## Scatter Plot: LiveCodeBench v5 Performance vs. Total Parameters
### Overview
The chart compares the performance of various AI models on the LiveCodeBench v5 benchmark against their total parameter counts. Performance is measured as "Pass@1 Score" (y-axis), while model size is represented by "Total Parameters" (x-axis). Three model categories are distinguished by color: Open-Weights Only (gray), Open-Weights & Open-Data (beige), and a highlighted "Our Model" (orange star).
### Components/Axes
- **Y-Axis**: "LiveCodeBench v5 Pass@1 Score" (45–75)
- **X-Axis**: "Total Parameters" (4B–100B)
- **Legend**:
- Gray circles: Open-Weights Only
- Beige circles: Open-Weights & Open-Data
- Orange star: Our Model
### Detailed Analysis
1. **Model Data Points**:
- **DASD-4B-Thinking (Our Model)**: 4B parameters, 70 score (orange star)
- **Nvidia-OpenReasoning-7B**: 7B parameters, ~63.5 score (beige)
- **Qwen3-14B**: 14B parameters, ~62.5 score (gray)
- **Mistral3-8B**: 8B parameters, ~61 score (gray)
- **DeepSeek-R1-Qwen3-8B**: 8B parameters, ~60.5 score (gray)
- **GLM-Z1-9B**: 9B parameters, ~52.5 score (beige)
- **OpenThoughts3-7B**: 7B parameters, ~51.5 score (gray)
- **Mistral3-3B**: 3B parameters, ~55 score (gray)
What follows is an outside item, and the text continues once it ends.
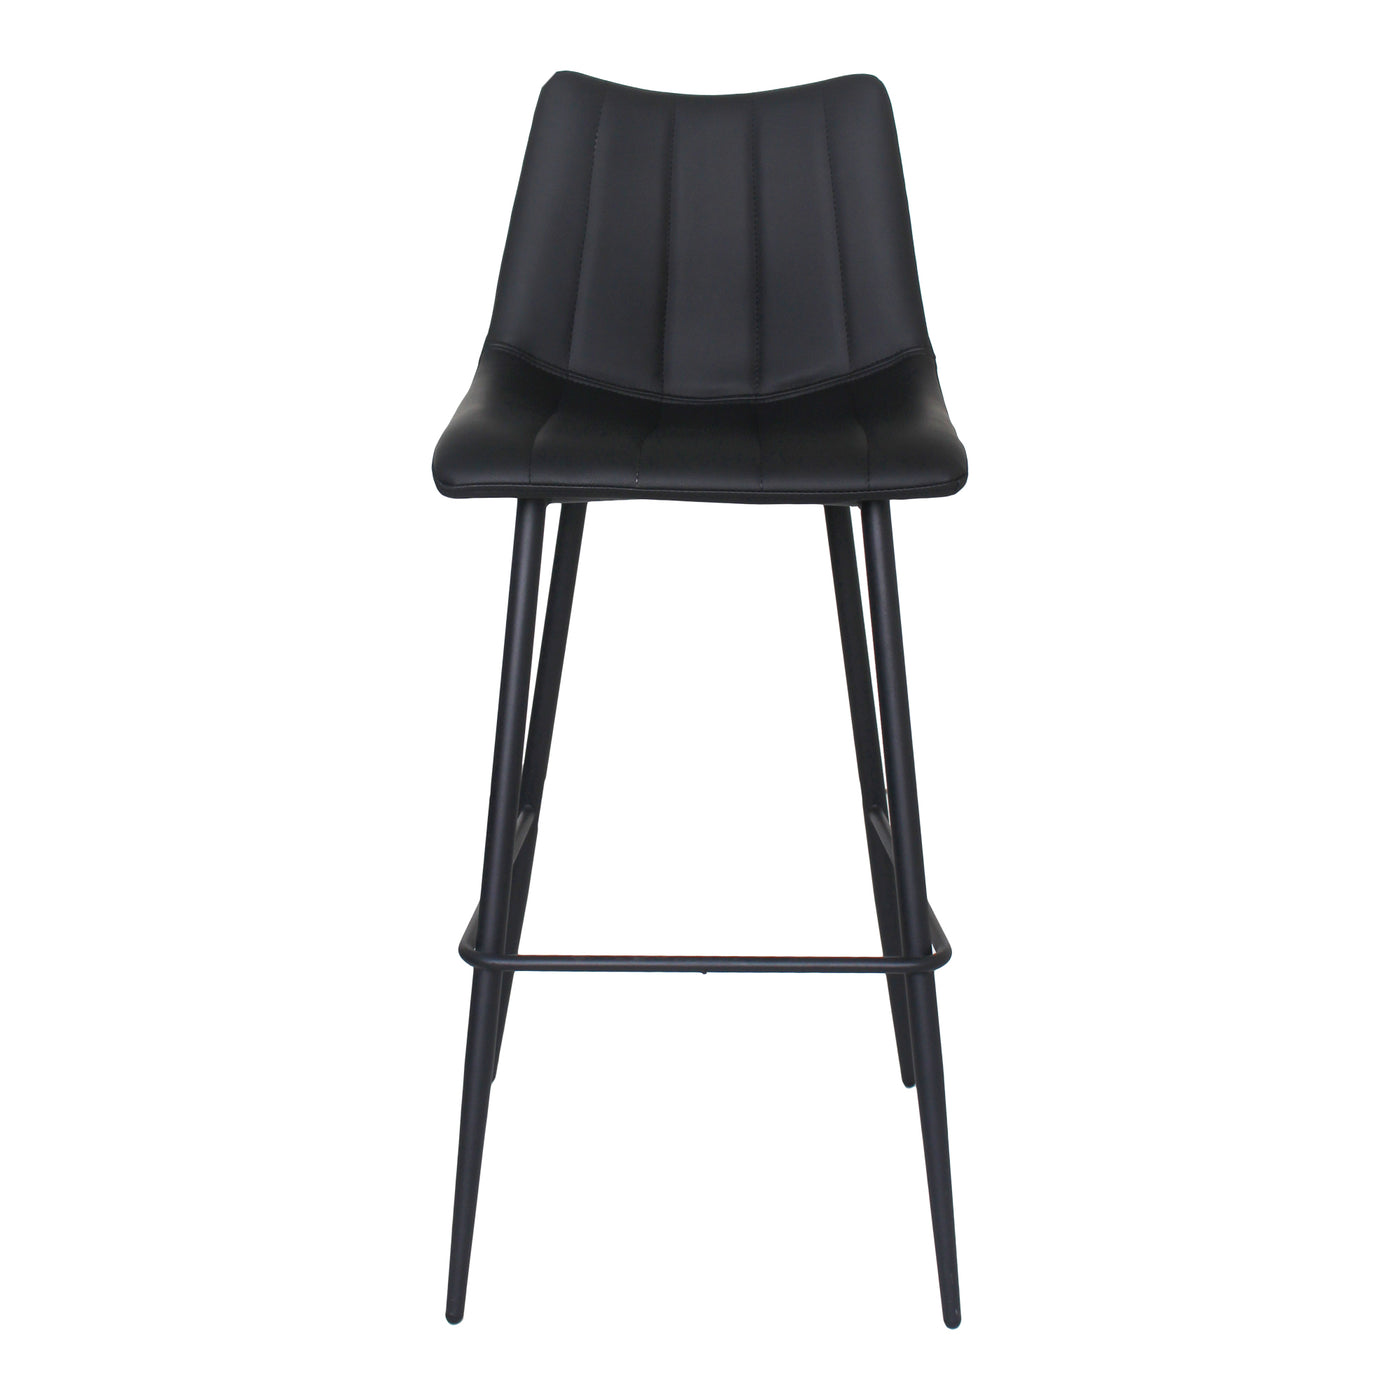 Contemporary modern barstools get a new take with this sleek aesthetic. The Alibi barstool features striking vertical line...
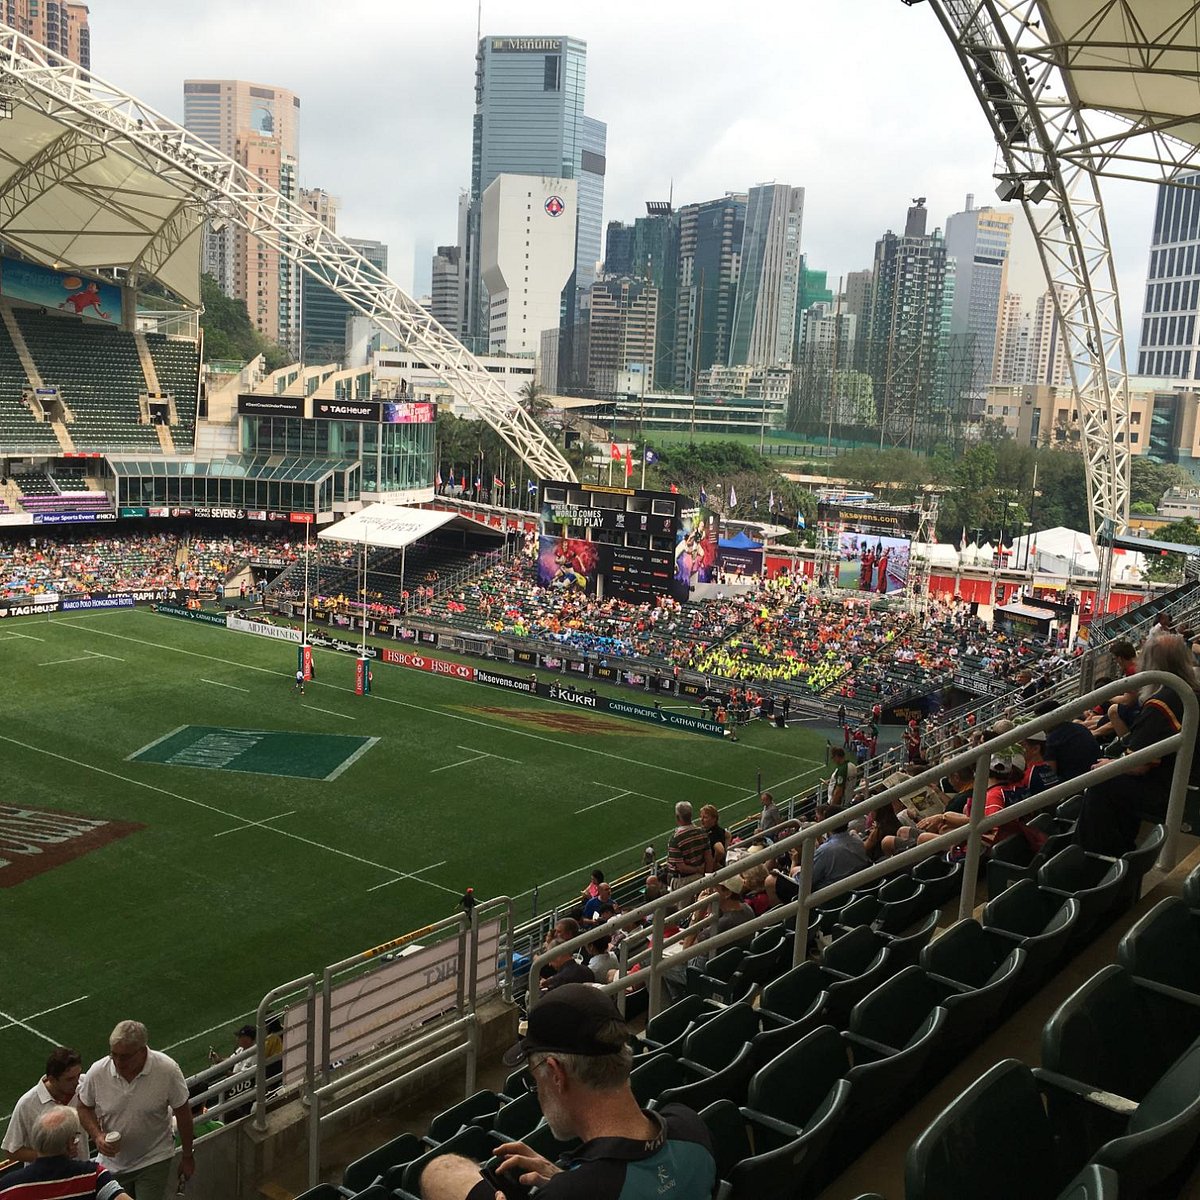 Hong Kong Sevens All You Need to Know BEFORE You Go

- **GLM-Z1-32B**: 32B parameters, ~59.5 score (gray)
- **Qwen3-32B**: 32B parameters, ~65.5 score (gray)
- **AM-thinking-v1**: 32B parameters, 70 score (beige)
- **Nvidia-Nemotron-Ultra-253B**: 253B parameters, 70 score (beige)
2. **Trends**:
- **Open-Weights & Open-Data (beige)**: Higher scores cluster at 32B+ parameters (e.g., AM-thinking-v1, Nvidia-Nemotron-Ultra-253B).
- **Open-Weights Only (gray)**: Lower scores (51–63) across 3B–32B parameters.
- **Our Model (DASD-4B-Thinking)**: Exceptional performance (70 score) at 4B parameters, outperforming larger models in its category.
### Key Observations
- **Efficiency Outlier**: DASD-4B-Thinking achieves a 70 score with only 4B parameters, surpassing larger models like Qwen3-32B (65.5 score) and GLM-Z1-32B (59.5 score).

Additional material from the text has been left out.